Leave the pictures out and repeat the rest of the data below exactly.

Input data
▬▬▬▬▬▬

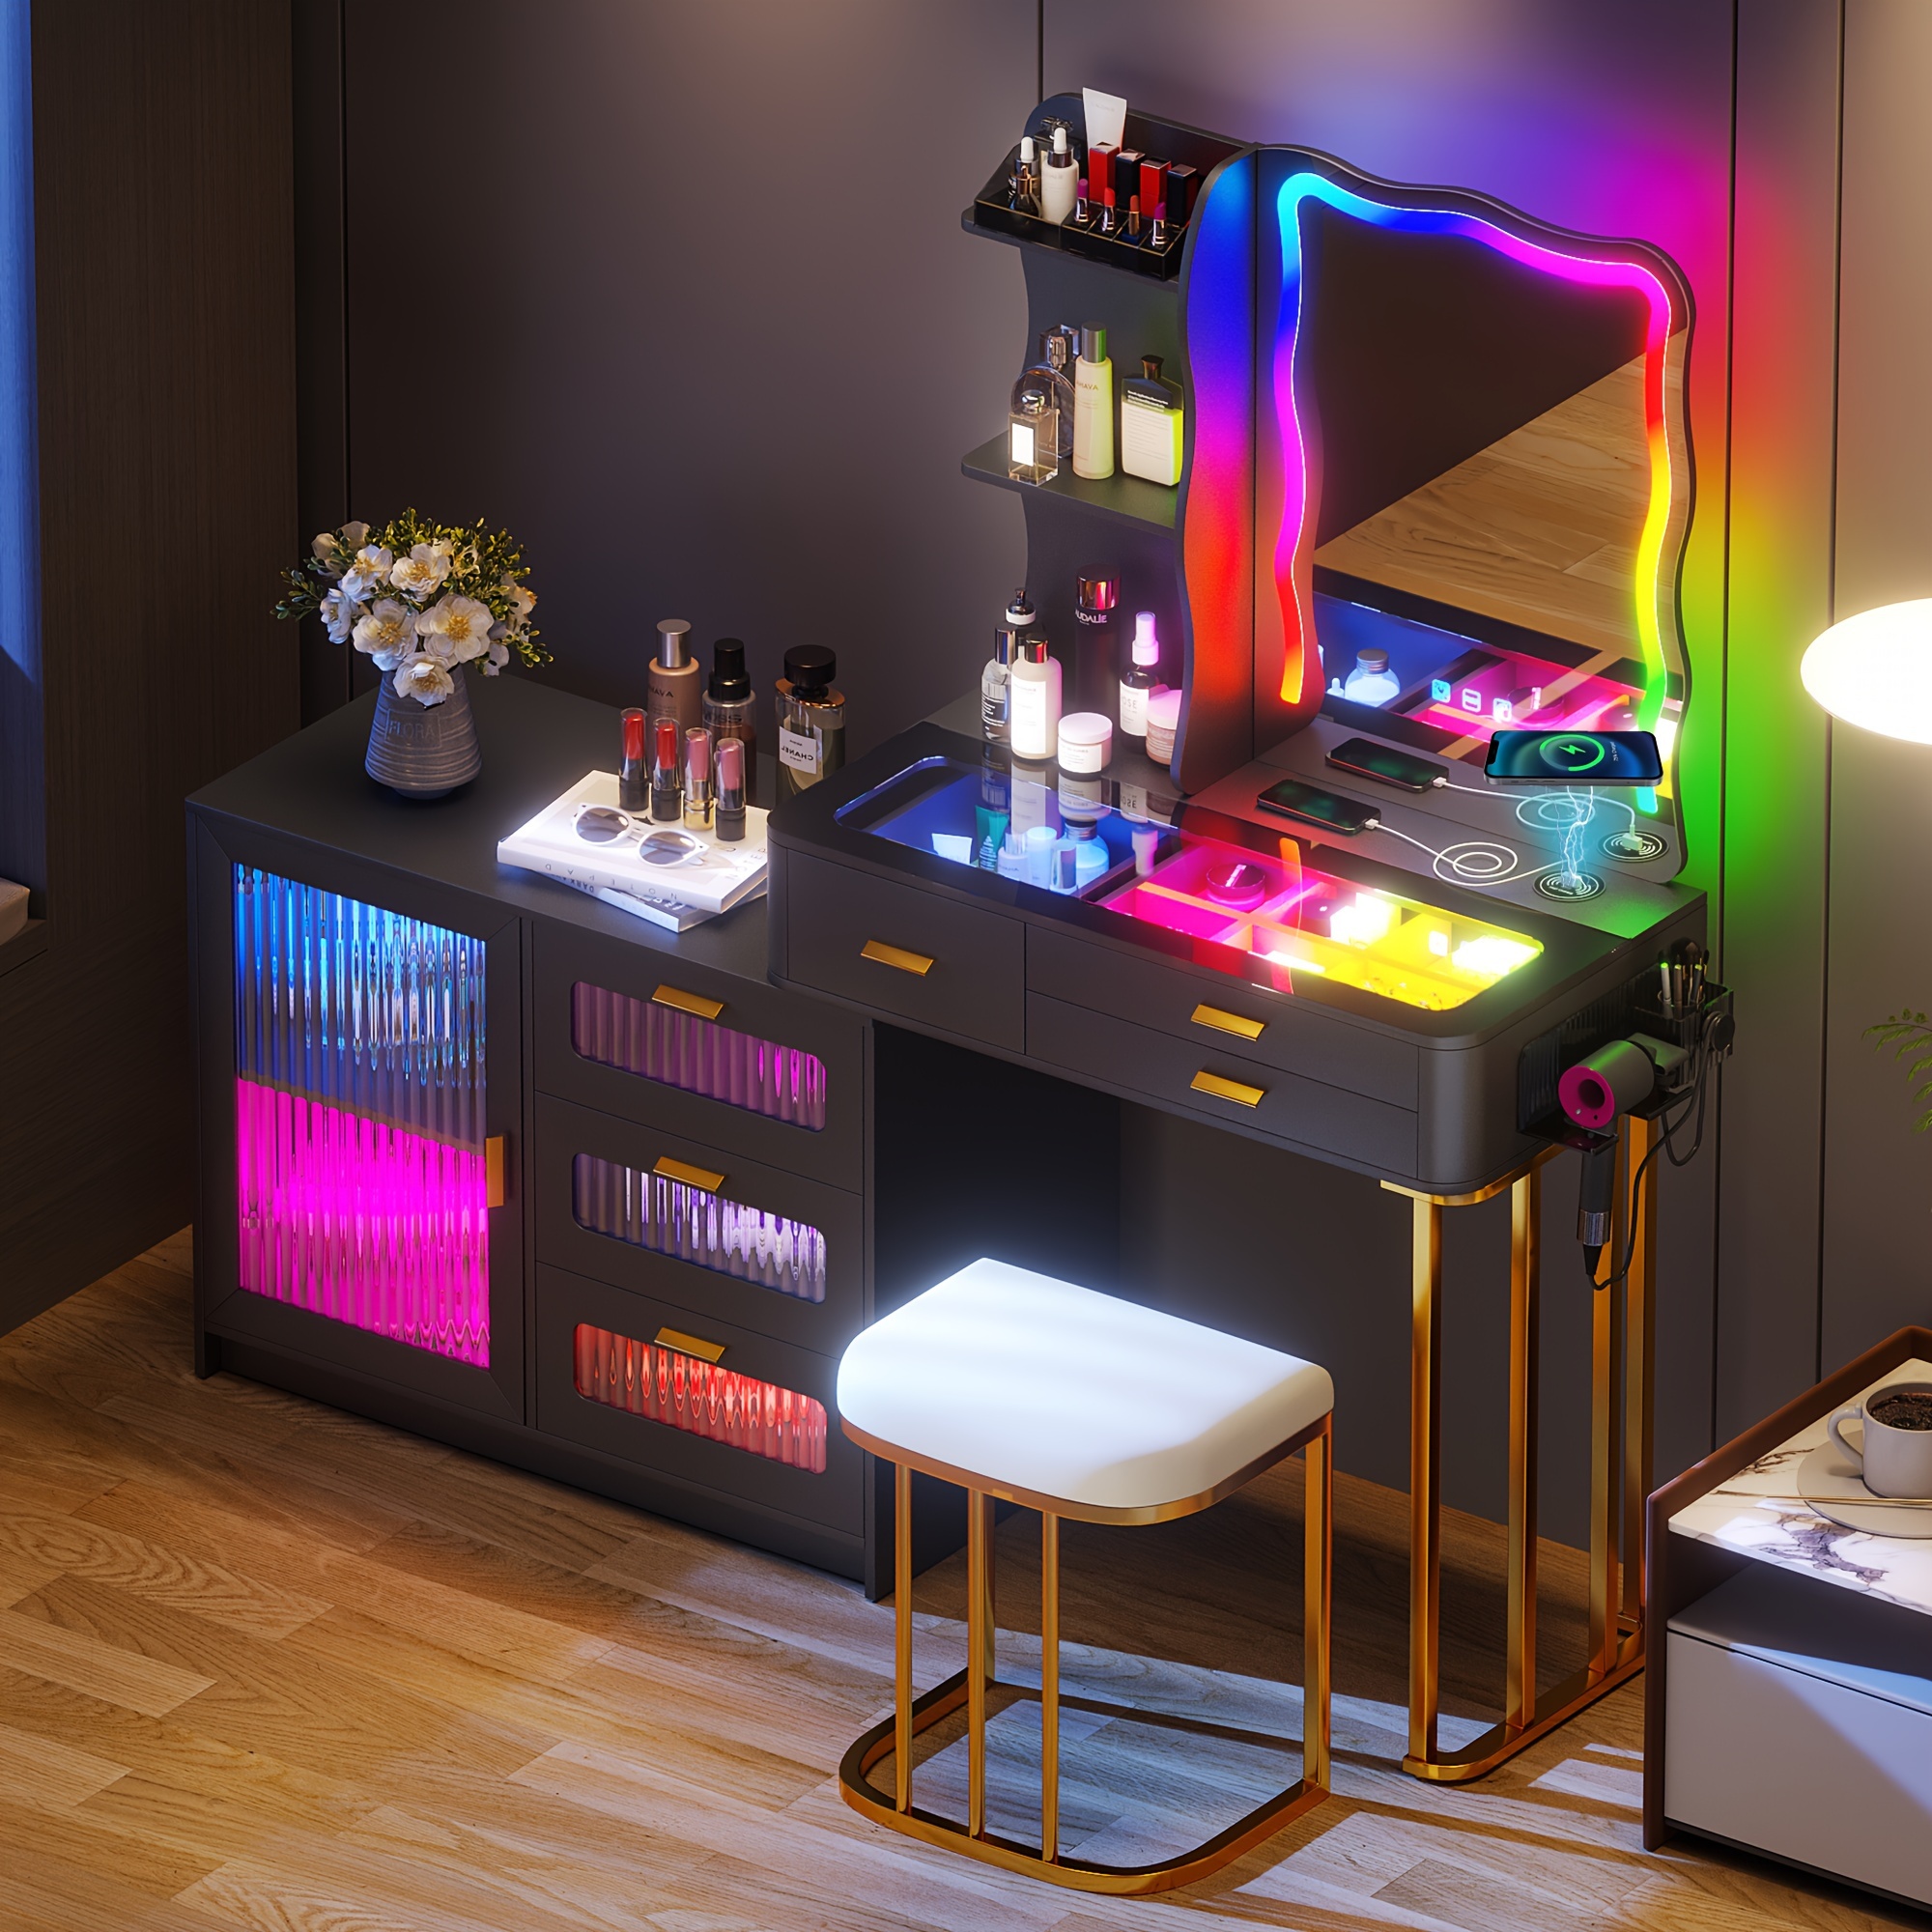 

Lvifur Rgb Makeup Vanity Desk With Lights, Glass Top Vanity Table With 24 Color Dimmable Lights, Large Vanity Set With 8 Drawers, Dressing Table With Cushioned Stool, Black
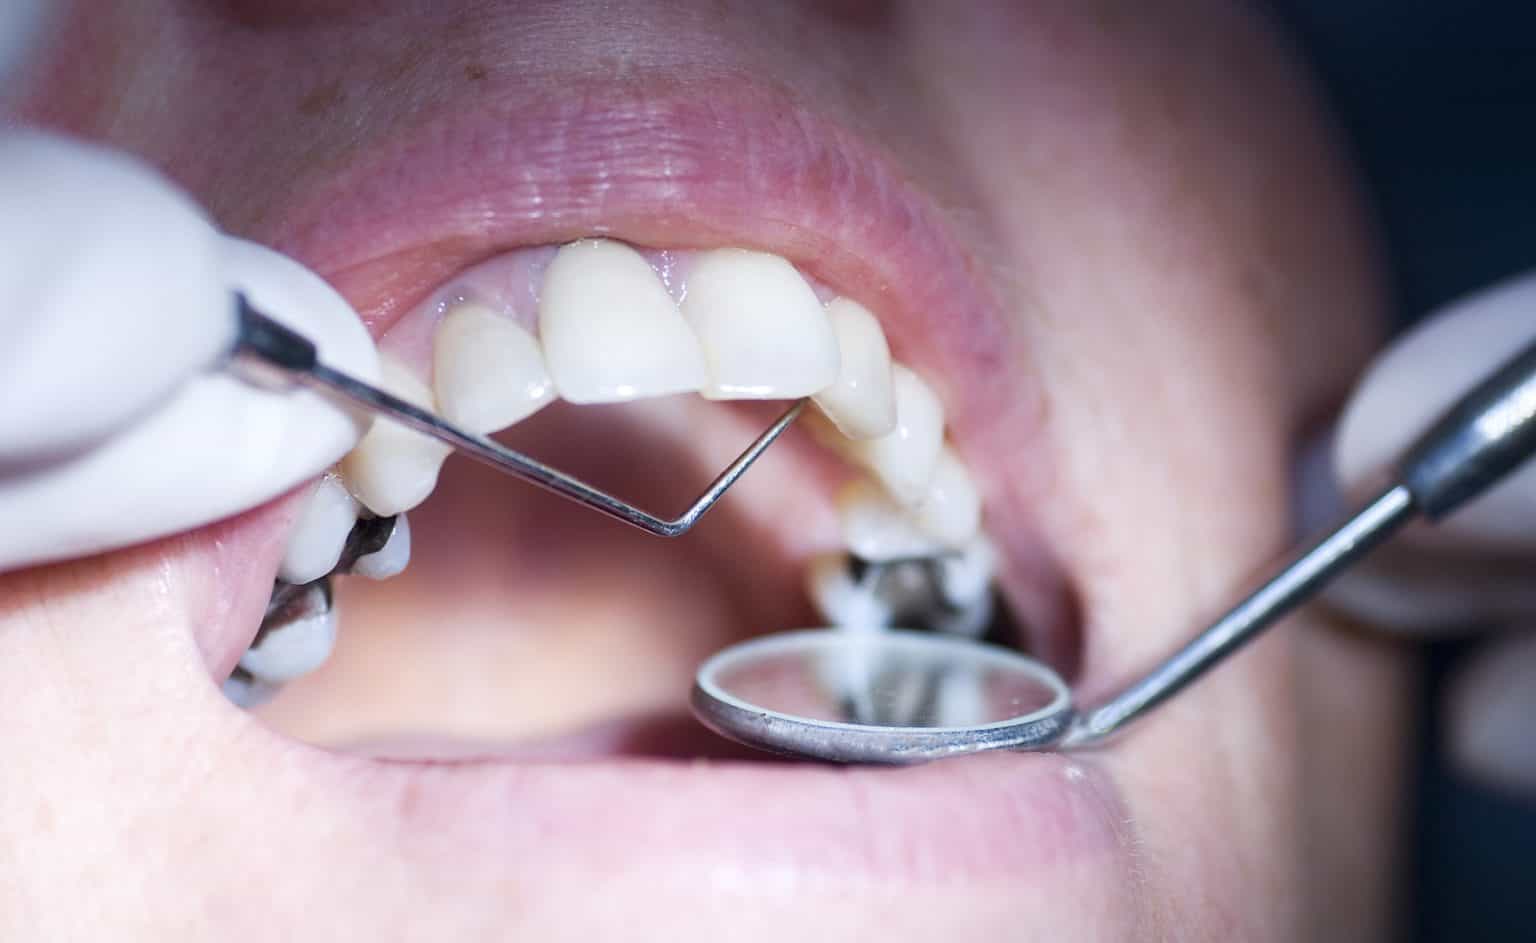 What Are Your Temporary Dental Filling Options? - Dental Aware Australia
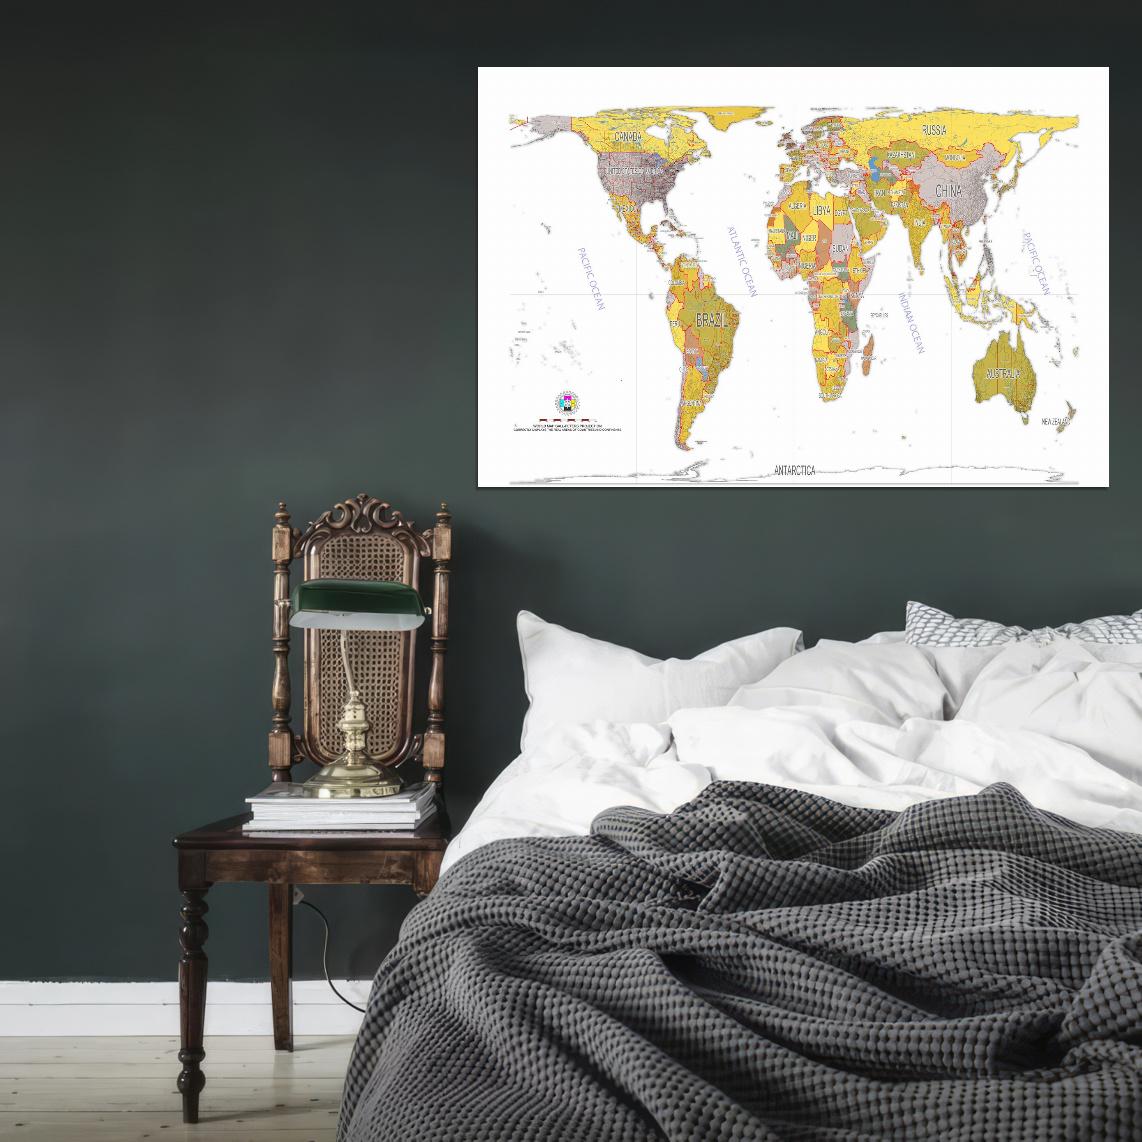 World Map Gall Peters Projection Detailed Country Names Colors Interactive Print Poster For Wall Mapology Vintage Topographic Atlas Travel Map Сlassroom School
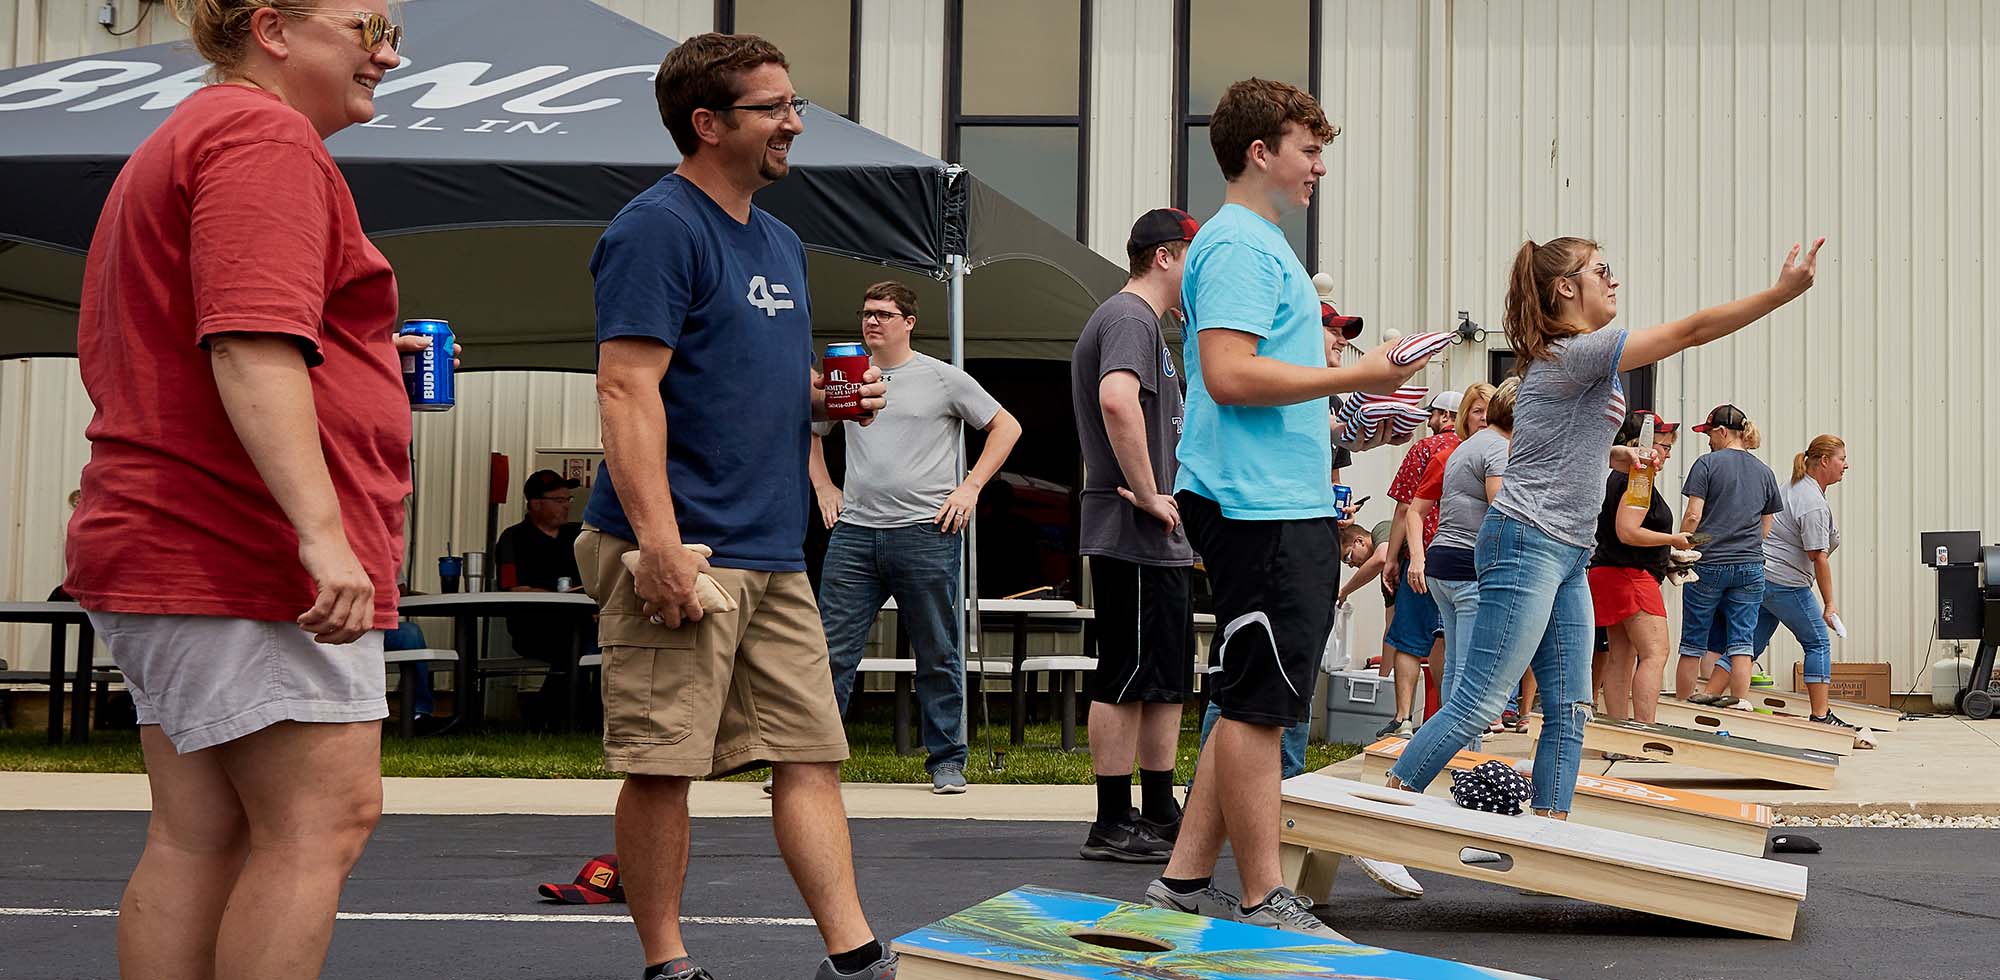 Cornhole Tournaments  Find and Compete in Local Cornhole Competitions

▬▬▬▬▬▬

Result
Lvifur Rgb Makeup Vanity Desk With Lights, Glass Top Vanity Table With 24 Color Dimmable Lights, Large Vanity Set With 8 Drawers, Dressing Table With Cushioned Stool, Black
 What Are Your Temporary Dental Filling Options? - Dental Aware Australia
 World Map Gall Peters Projection Detailed Country Names Colors Interactive Print Poster For Wall Mapology Vintage Topographic Atlas Travel Map Сlassroom School
 Cornhole Tournaments  Find and Compete in Local Cornhole Competitions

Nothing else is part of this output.